Indian police detain students over BBC’s Modi documentary

Indian police arrested several students in New Delhi Wednesday at a screening of a BBC documentary about Prime Minister Narendra Modi.

Plain clothes officers as well as scores of tear-gas wielding police in riot gear had gathered at the Indian capital’s Jamia Millia Islamia University to prevent the event from taking place. Some students were detained after scuffles with police.

There were similar scenes at other universities this week, as the fight between the Indian government and the UK broadcaster BBC entered its next round. New Delhi is seeking to stop seeking to stop anyone in the country from seeing the two-part documentary, entitled “India: The Modi Question,” which looks at the prime minister and his role in Indian politics.

The Modi administration has called the film “propaganda,” and has banned it from being streamed or shared on social media. Twitter and YouTube have complied with the order, and universities too are blocking student screenings of the film.

At the University of Hyderabad, school administrators opened an investigation into a student group that screened the film earlier this week. Members of Modi’s Hindu-nationalist Bharatiya Janata Party (BJP) also showed up to protest the film’s screening at a university in southern Kerala.

On Tuesday, Jawaharlal Nehru University in New Delhi went dark when power and internet were cut off to stop a screening at the student union.

“It was obviously the administration that cut off the power,” said student leader Aishe Ghosh. “We are encouraging campuses across the country to hold screenings as an act of resistance against this censorship.” Ghosh also claims members of a far-right group injured several students gathered to see the film by hurling bricks at them.  

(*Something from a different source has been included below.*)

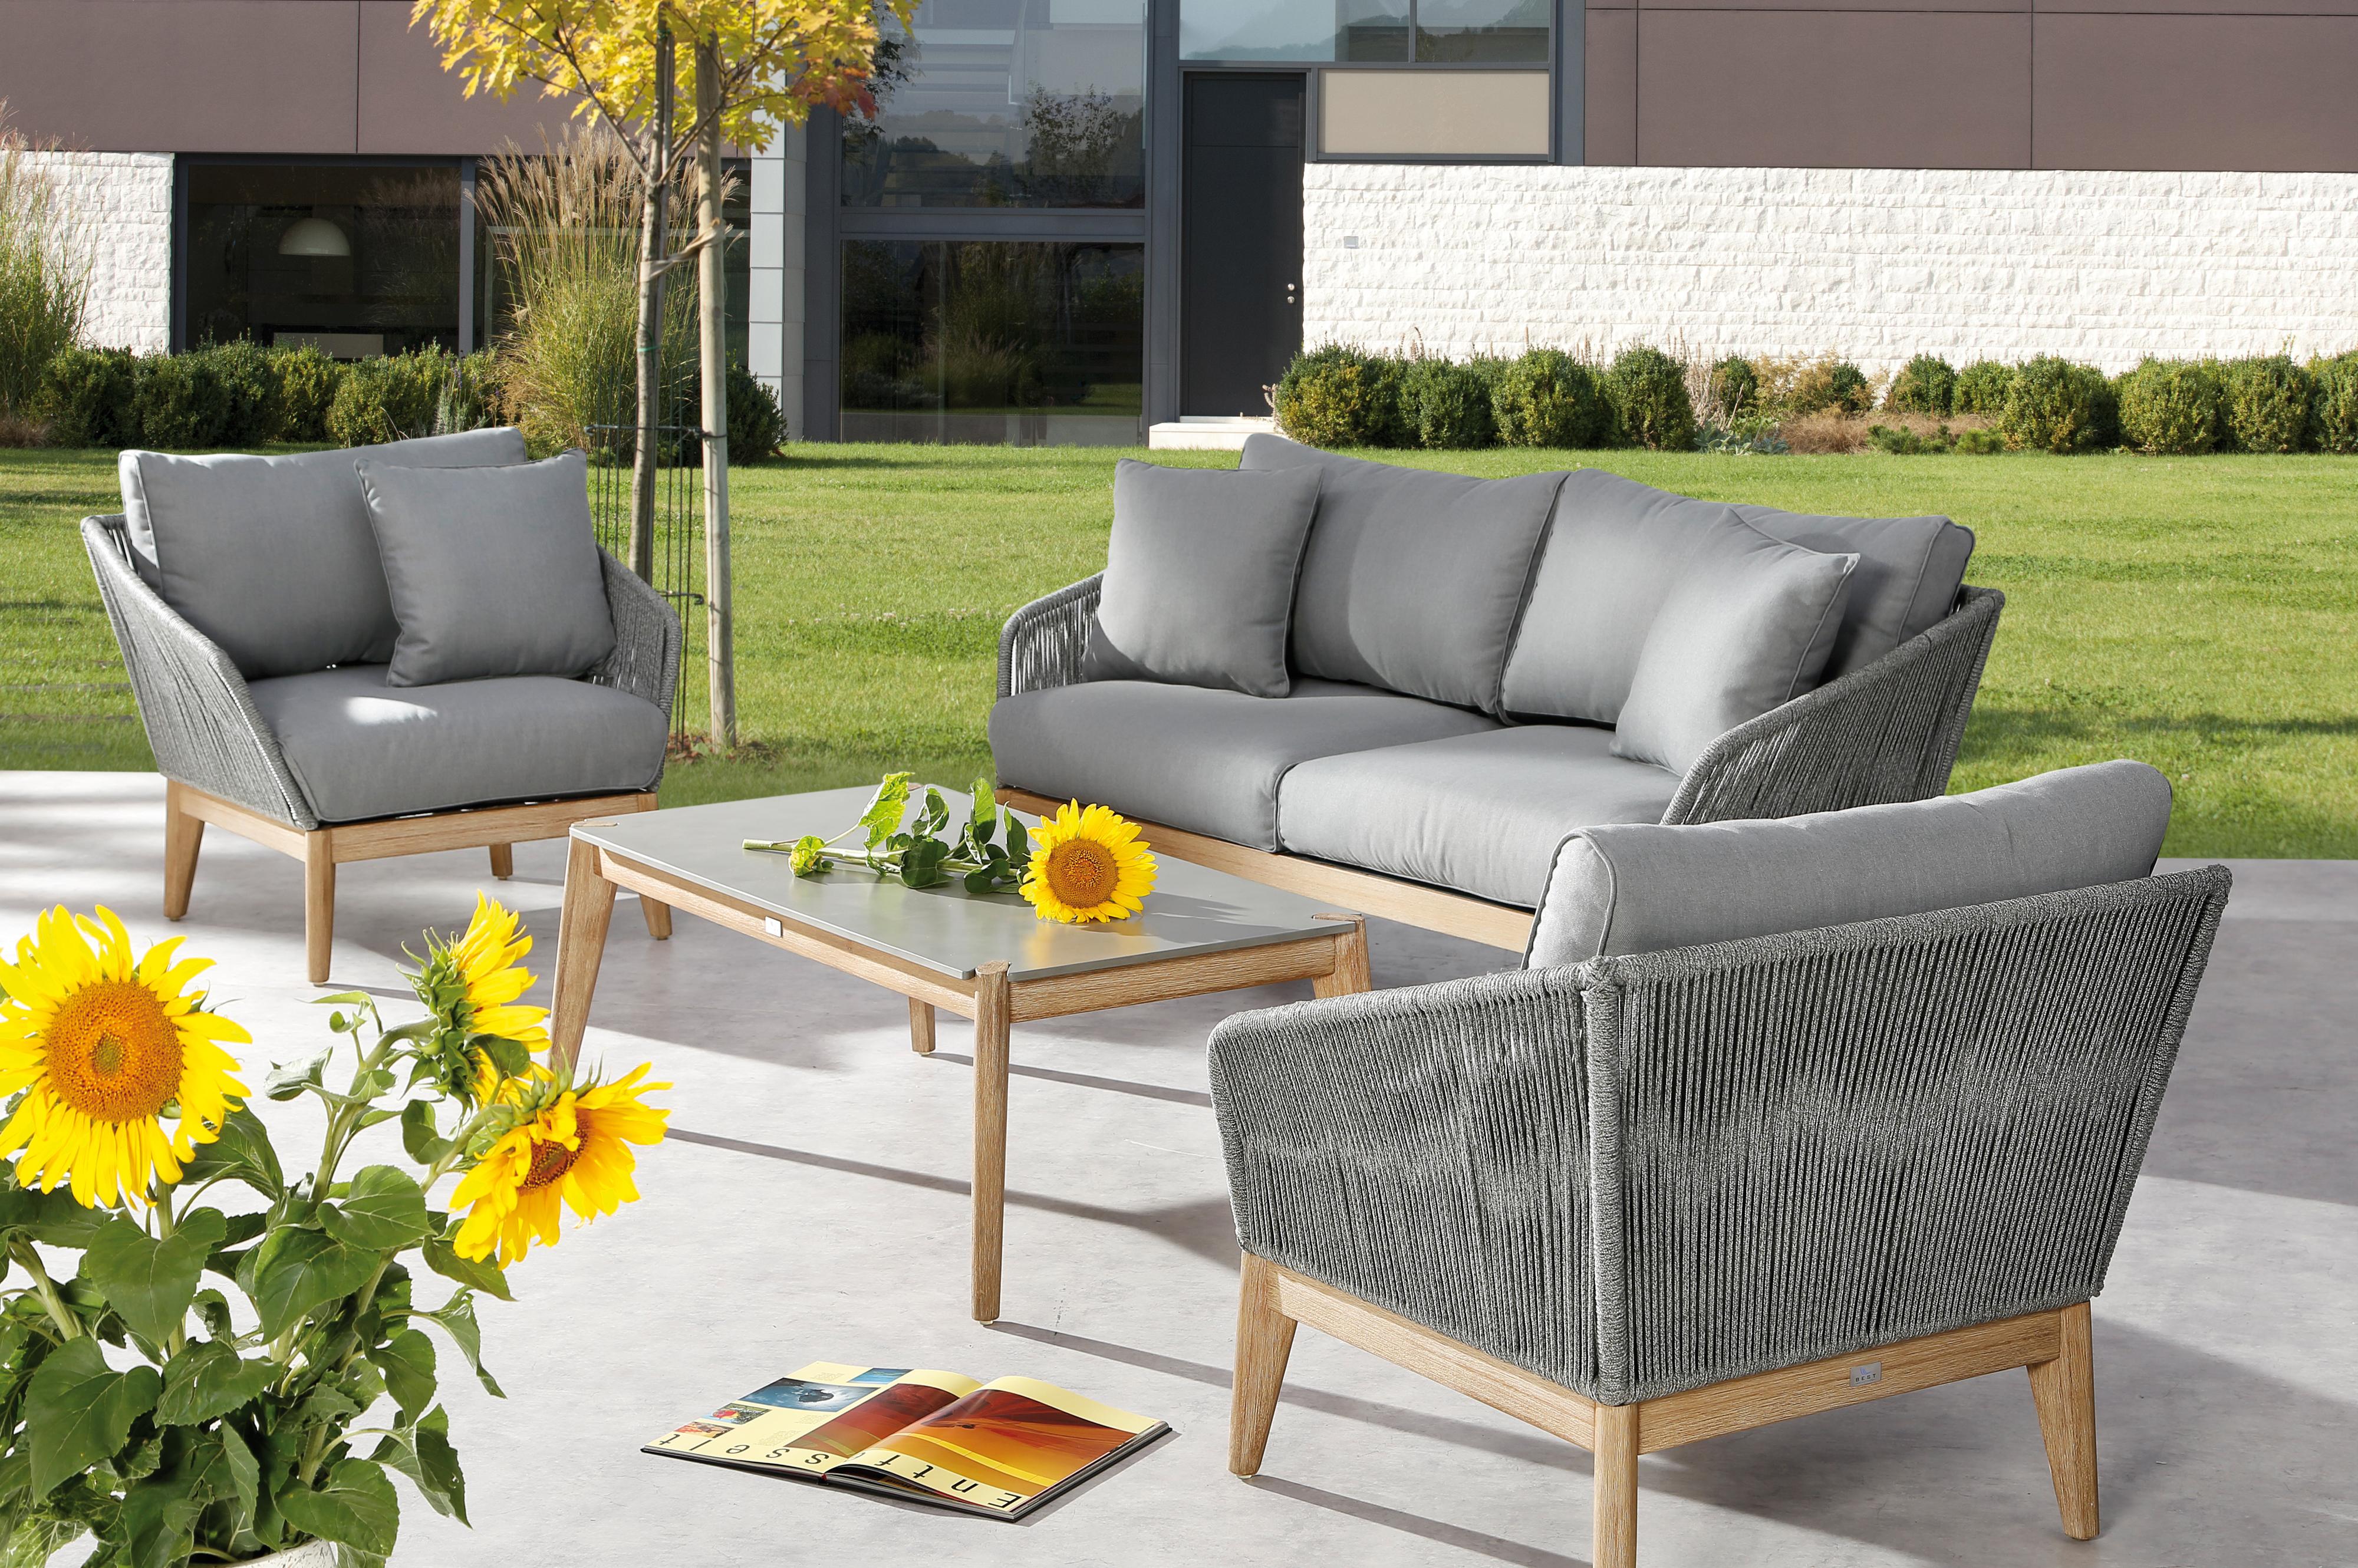 OUTFLEXX Oranger Blossom Lounge-Set, anthrazit, Alu/Rope, 4-teilig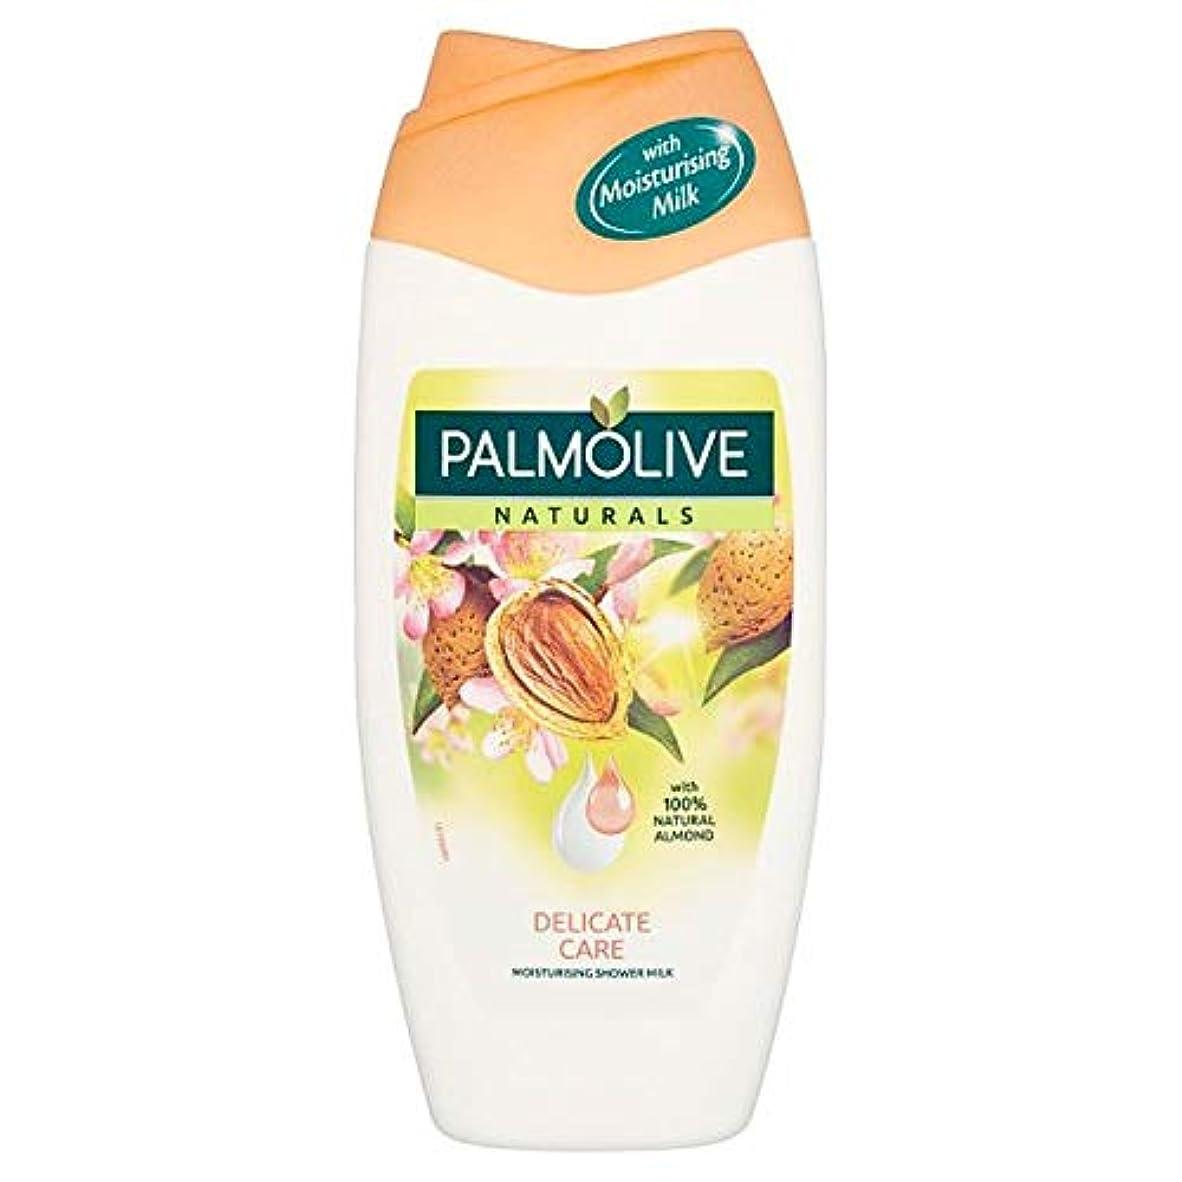 波汚染するクール[Palmolive] Palmolive社ナチュラルズは、シャワージェル250ミリリットルアーモンド - Palmolive Naturals Almond Shower Gel 250Ml [並行輸入品]

Such intense pressure has triggered allegations of censorship and attacks on press freedom from Modi’s opponents.

Mahua Moitra, a parliamentarian from the All India Trinamool Congress (AITC) party, posted a link to the film on her Twitter account with the words: “Good, bad, or ugly — we decide. Govt doesn’t tell us what to watch.”

The nongovernmental organization  Human Rights Watch criticized efforts to ban the film as typical for the Modi administration, which it says has frequently taken harsh measures to quash stories it doesn’t like.

Indeed, the incident is not isolated, the organization Reporters Without Border ranked India 150 of 180 nations in its most recent World Press Freedom Index — down eight places over the year. 

The ban on the BBC documentary came after the government proposed giving the Press Information Bureau (PIB), an agency tied to the country’s Ministry of Information and Broadcasting, the power to remove content — including news items — the government deems “fake or false.”

Released last week in the UK, the two-part film looks at two periods in Modi’s political career. Part one investigated the 2002 anti-Muslim riots in Gujarat, where Modi was serving as chief minister. The British broadcaster says the second part of the film focuses on Modi’s political track record since being re-elected in 2019.

New Delhi has decried the documentary as having a “colonial mindset,” calling it “propaganda” and “anti-India garbage.” The BBC, however, says the film was “rigorously researched” and included many different views of Modi and his career, including from people in his own BJP party. 

The Modi administration did not reply to BBC interview requests. “We offered the Indian Government a right to reply to the matters raised in the series — it declined to respond.”